If I’m starting a new small team from scratch in 2026, I’m choosing Pulumi with TypeScript. The developer experience is genuinely better, the license is clean, the free tier handles state management without operational overhead, and the ability to write real code instead of HCL pays dividends every time your infrastructure has any complexity at all. The community is smaller than Terraform’s, but it’s growing fast and the documentation is solid.

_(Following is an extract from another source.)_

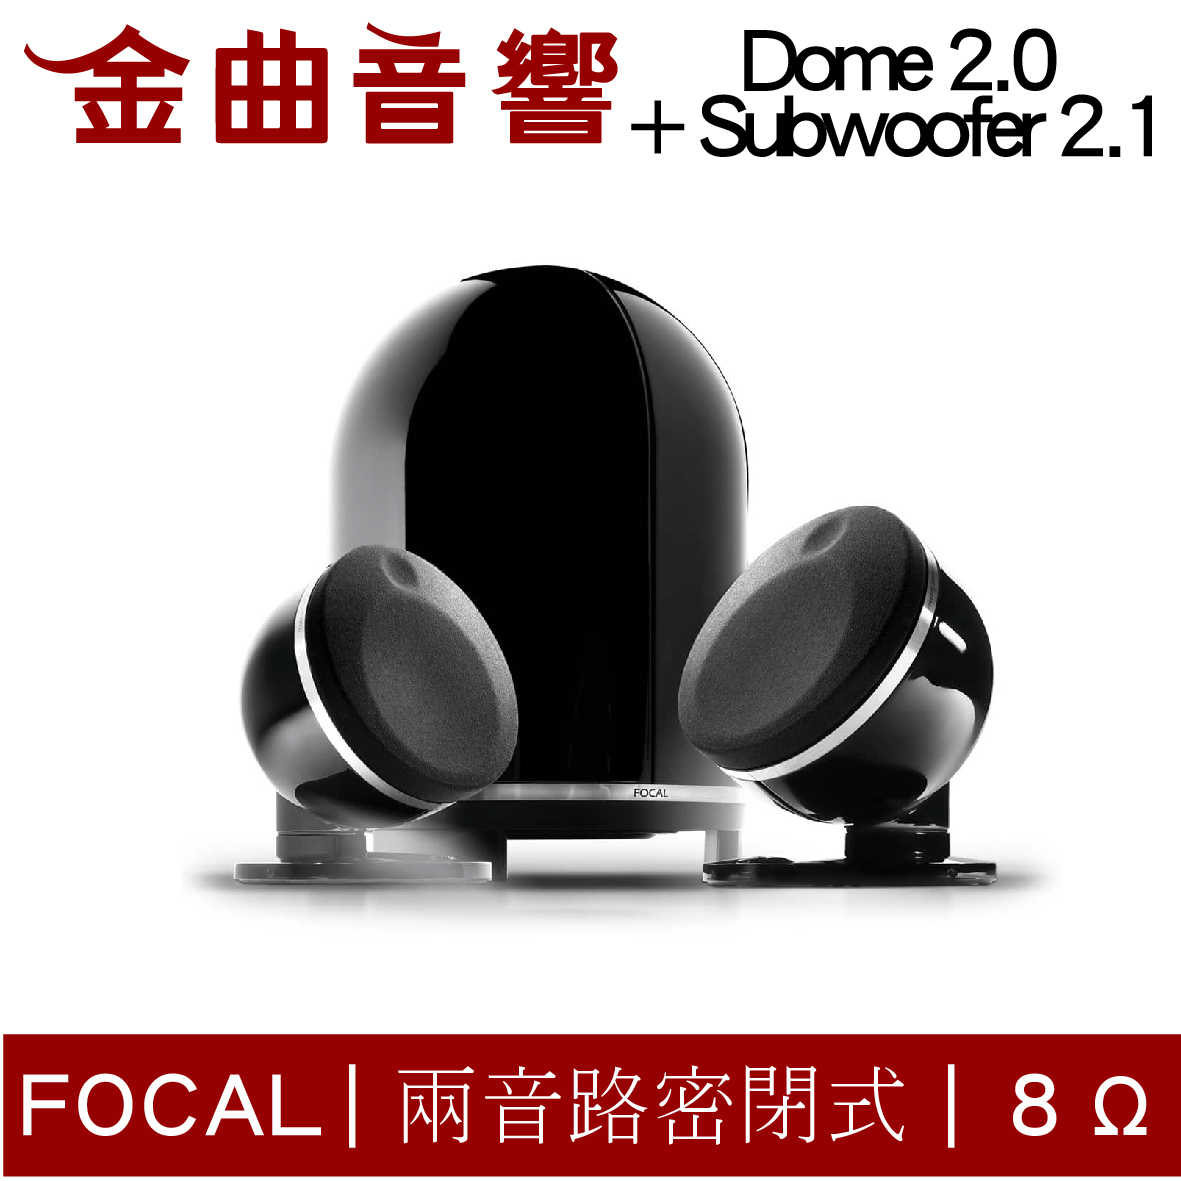 FOCAL Dome 2.0 + Subwoofer 2.1 聲道 時尚 鋼烤 多種組合 喇叭 音響 | 金曲音響

If my team has existing Terraform and no burning reason to migrate, I’m staying on Terraform (or moving to OpenTofu if the BSL is a concern). The ecosystem and community are still unmatched, and the switching cost isn’t worth it if things are working.

AWS CDK is a distant third for most small teams — the CloudFormation dependency is a genuine productivity tax, and the AWS-only constraint is a real limitation as soon as you add a single non-AWS service to your stack.

Whatever you pick, the most important thing is picking something and committing. Informal infra that lives in someone’s head or a pile of bash scripts is the real enemy. Any of these three tools, used consistently, will serve a small team well.